PROMPT: Omit every picture and return the rest of the data unaltered.

INFORMATION SUPPLIED:
○ ○ ○ ○ ○

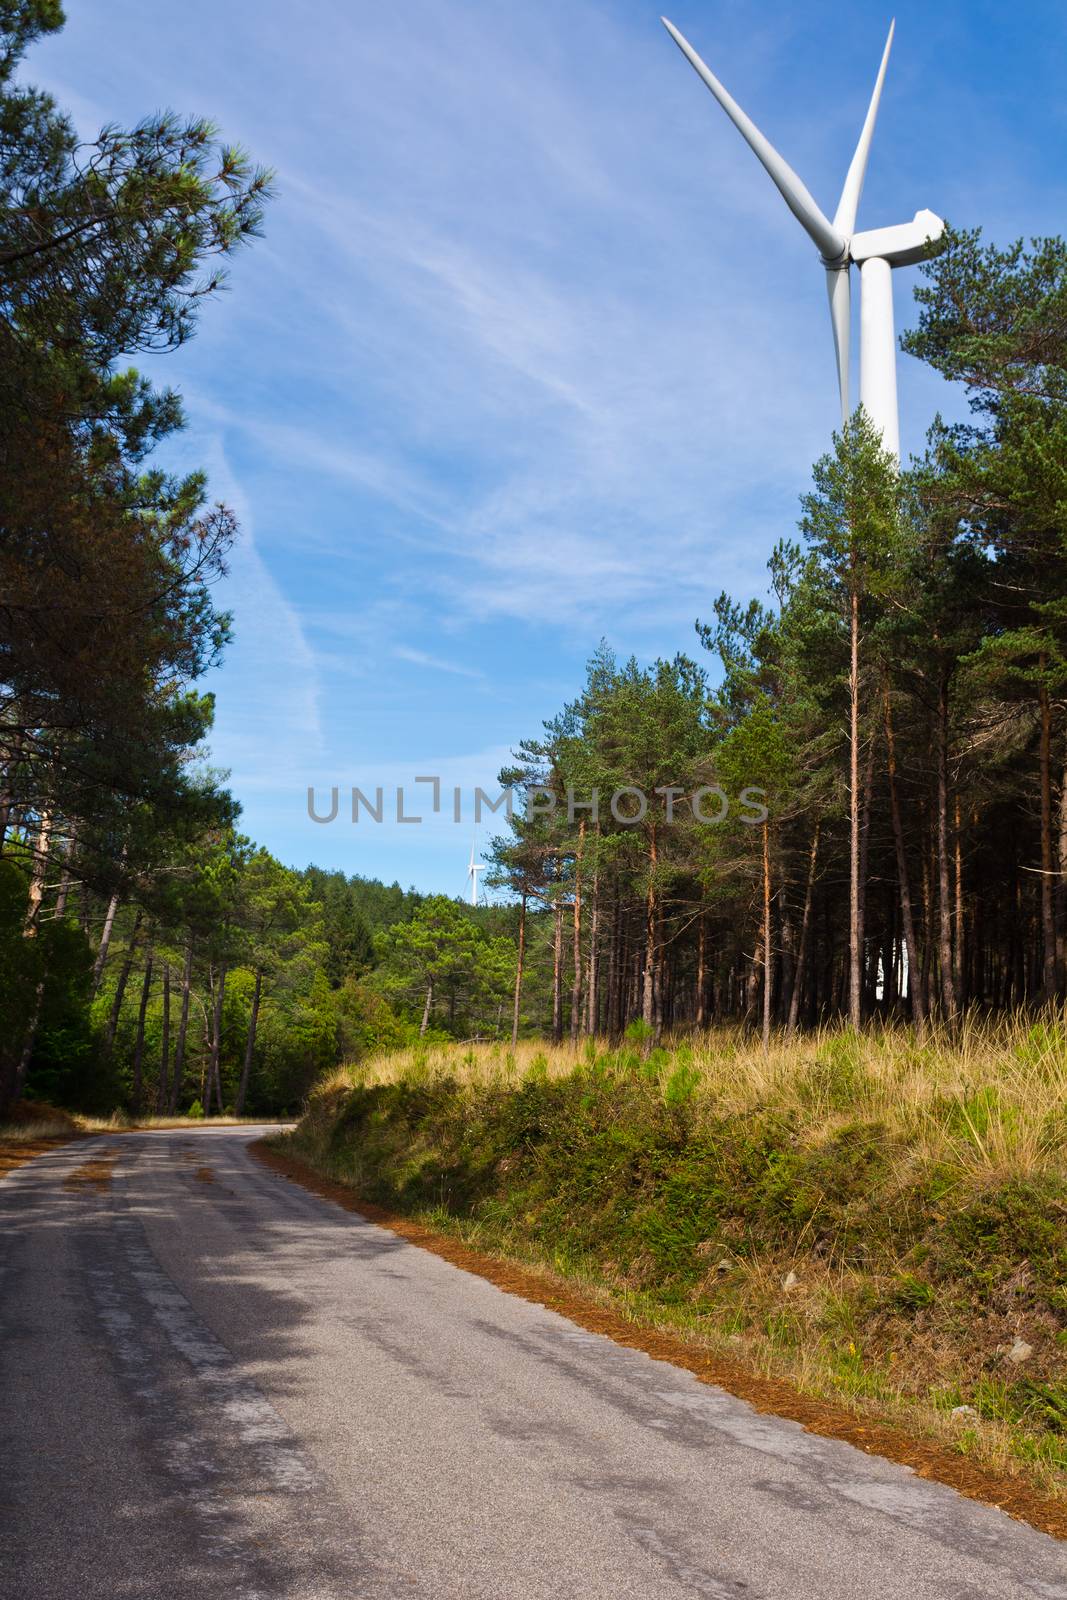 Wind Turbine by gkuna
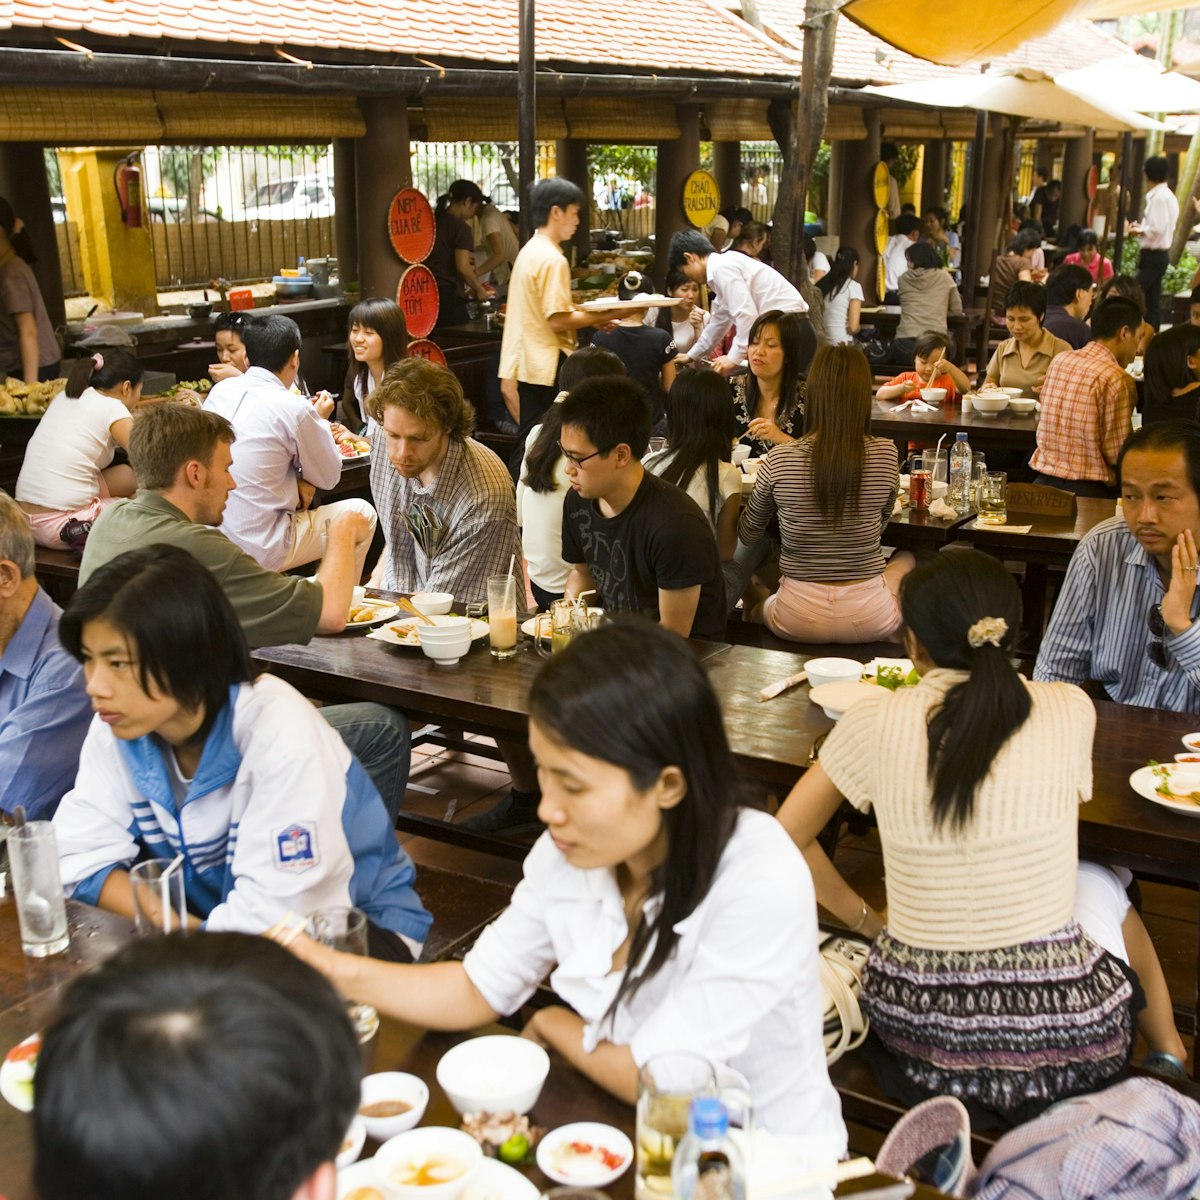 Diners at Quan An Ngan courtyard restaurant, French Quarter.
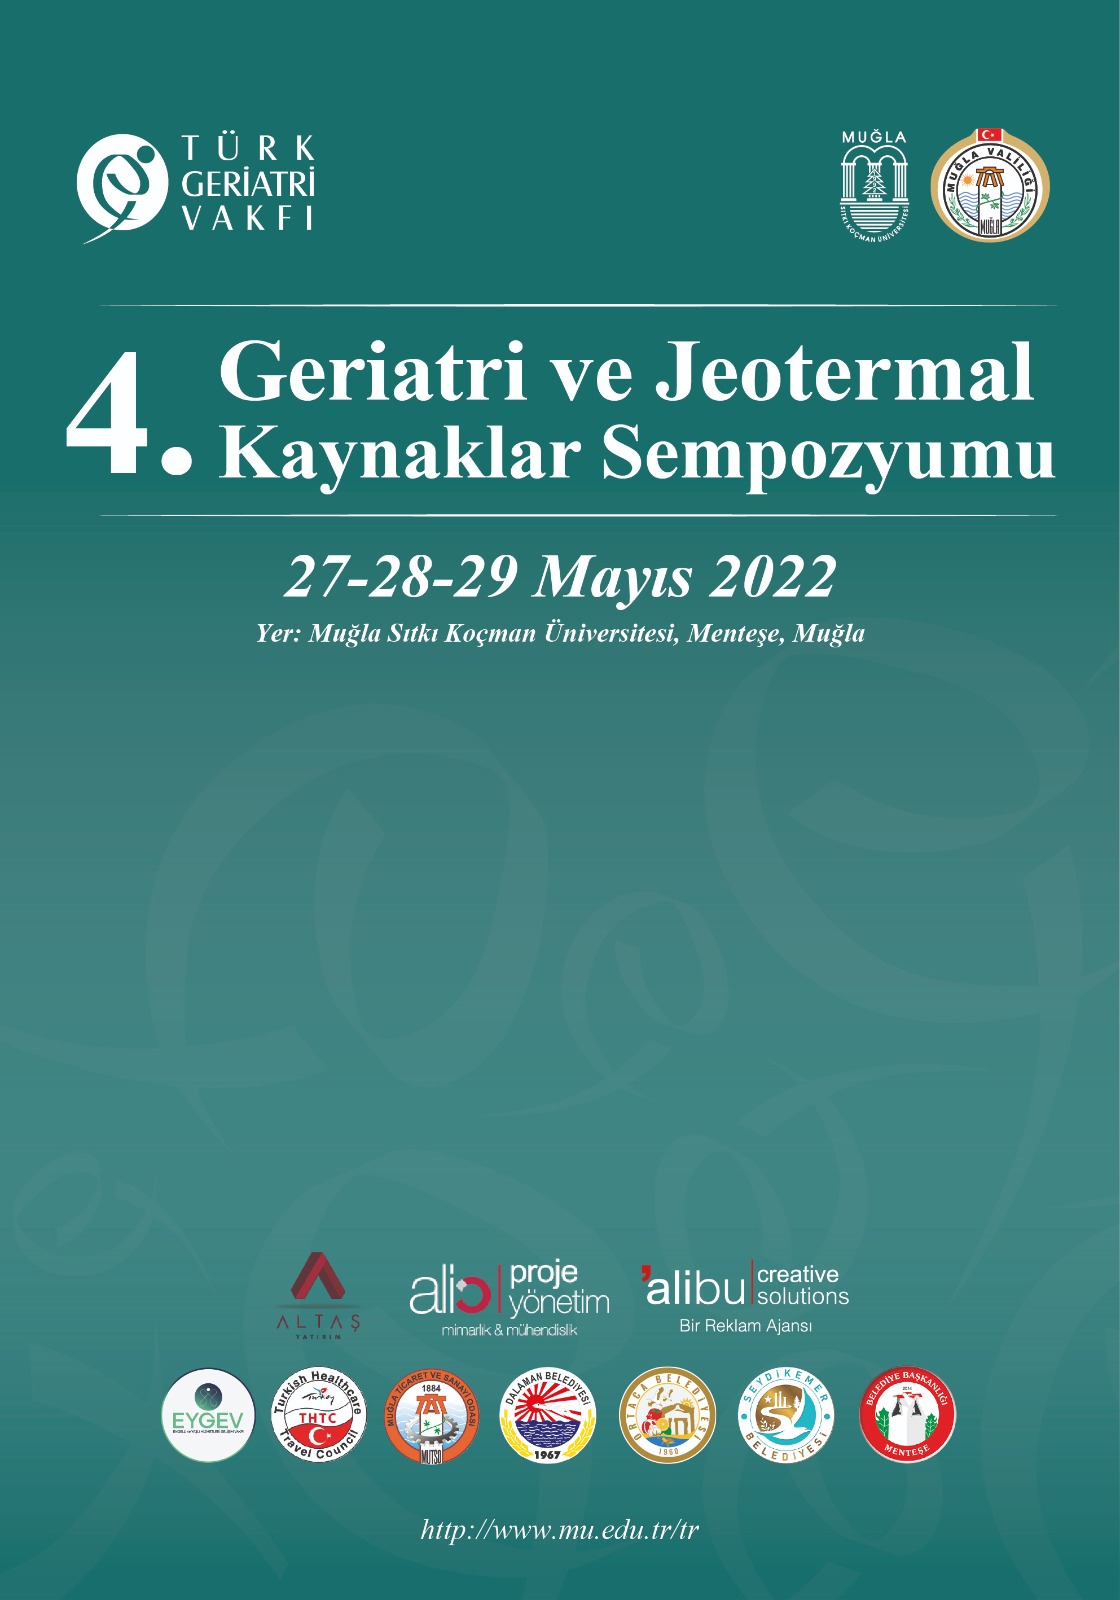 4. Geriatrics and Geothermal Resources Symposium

○ ○ ○ ○ ○

WRITTEN SOLUTION:
 Wind Turbine by gkuna
 Diners at Quan An Ngan courtyard restaurant, French Quarter.
 4. Geriatrics and Geothermal Resources Symposium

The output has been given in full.